Rubins et al [1] performed a detailed analysis of IFN response genes. The KEGG module of cytokines includes IL6, IL8, IFN -α, -β and -γ, CCL2 (MCP-1), CCL4 (MIP1β), TNF-α and NF – κ B. The influence of each molecule in the modules activation was also computed [see Additional files 1 and 2]. Once KEGG separates the molecules into functional classes, it is not possible to define cascading effects, like Rubins et al did [1]. Despite this fact, we manually compiled a module with the IFN-responsive genes detailed by Rubins et al [1] (in Figure 2A). For the ED and LD analysis, this module is significantly down regulated in monkeys that died early and up regulated in those which died later (see Methods for details). In addition, for the time course analysis, the IFN-responsive module is down regulated for day 0 and up regulated for days 1–3 and inactive for the other days (data not shown). Therefore, our results suggest that activation of IFN-responsive genes may play an important role in a successful immune response upon infection, as previously reported by Rubins et al [1].

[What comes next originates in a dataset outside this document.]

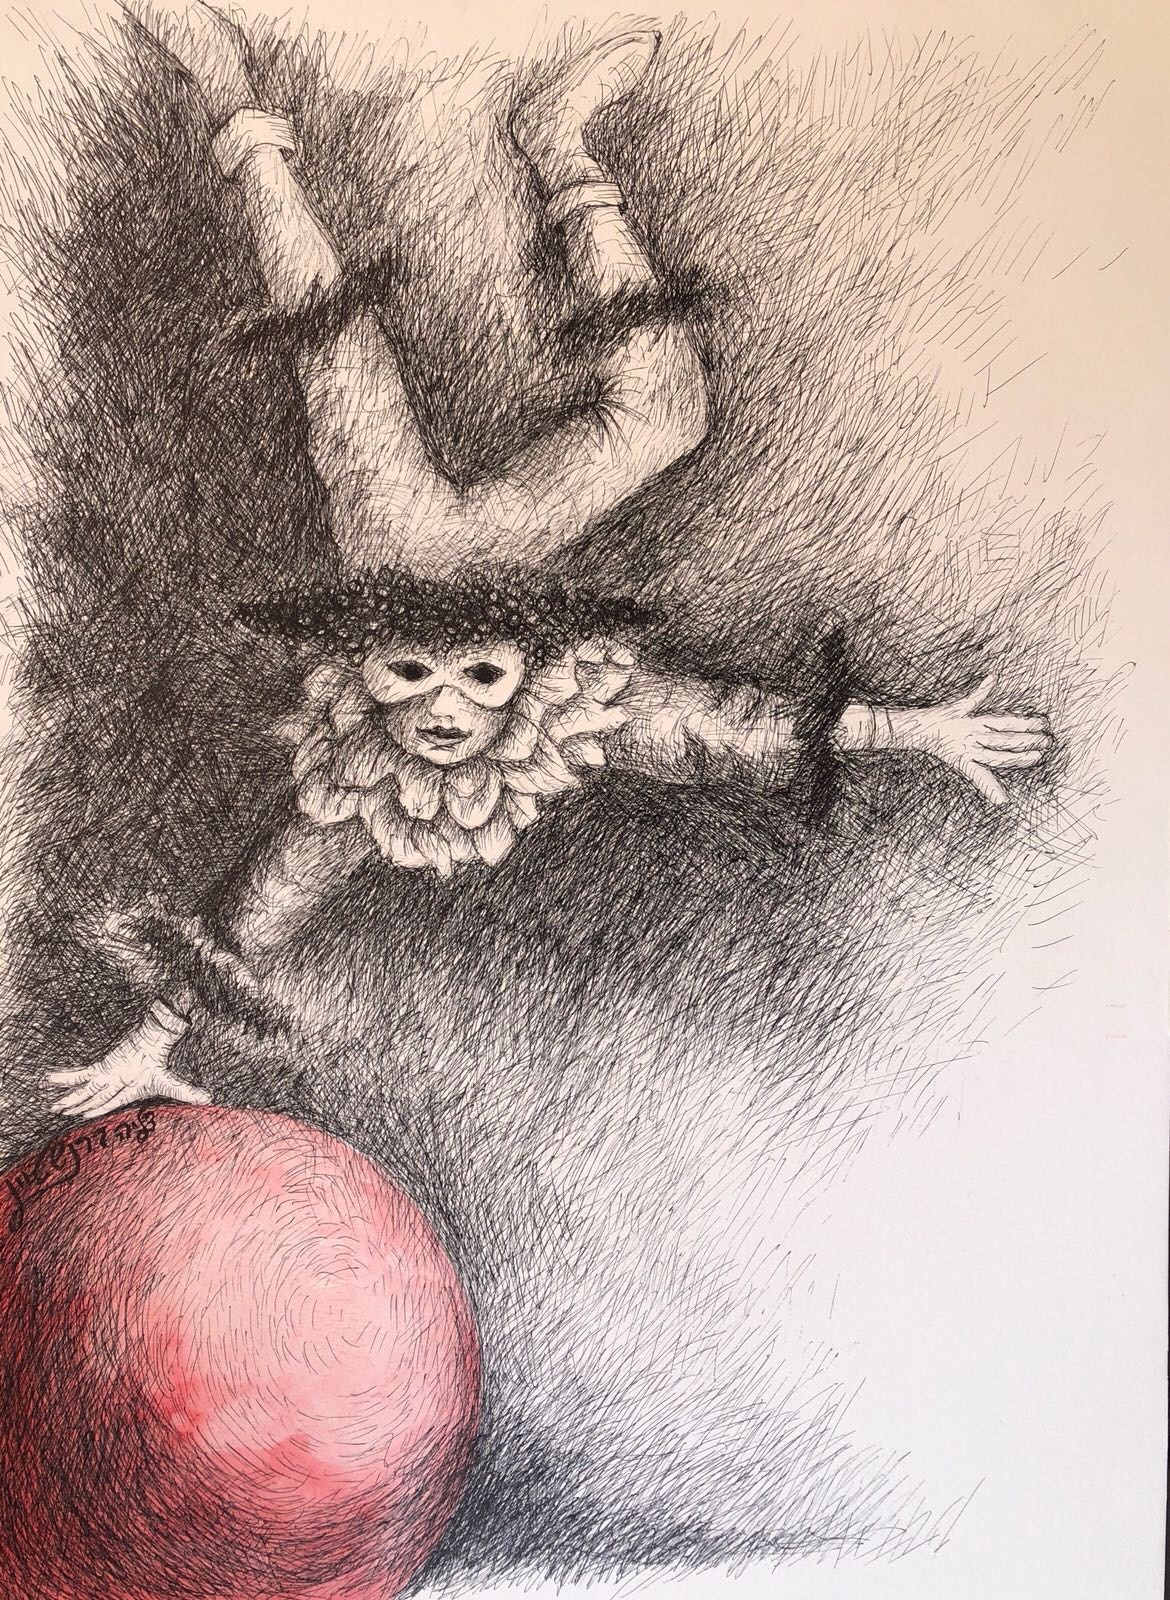 "בין העולמות", תערוכת יחיד של האמנית דליה ברנשטיין, תיפתח במוצ"ש הקרוב, 20.10.18 בבית אמני רעננה "מוזה" ובה מיטב יצירותיה

The decrease in the relative abundance of B cells and MHC II reported by Rubins et al [1] are corroborated by the profile of module Antigen processing and presentation (Figure 1). The Cell cycle, Complement and coagulation cascades, Cytokines and Hematopoietic cell lineage modules identified here were also reported by Rubins et al [1] as differentially expressed using gene by gene approaches.

Altered D-dimer levels were interestingly investigated by Jahrling et al [16], which reflect the serious influence of smallpox virus inhibitors in the complement and coagulation cascades. Our active modules are also in agreement with such findings. Our results suggest an unbalanced cytokine levels, which is strongly associated with sepsis and organ failure death in infected animals.

In addition, we have also observed alterations in the hematopoietic cell lineage module which could be a consequence of the influx of immature leukocytes into the bloodstream, particularly neutrophils (aka "left shift", using medical jargon).

Rubins et al [1] observed a considerable depletion of T cells, and a large number of apoptotic cells in the splenic periarterial lymphatic sheath, possibly due to the viral replication in antigen presenting cells in the lymphatic tissues, which could lead to apoptosis in the lymphocytes. The lysis of vulnerable cells induced by NK cells (described earlier) and the down regulation of the NK cell mediated cytotoxicity module supports such hypothesis.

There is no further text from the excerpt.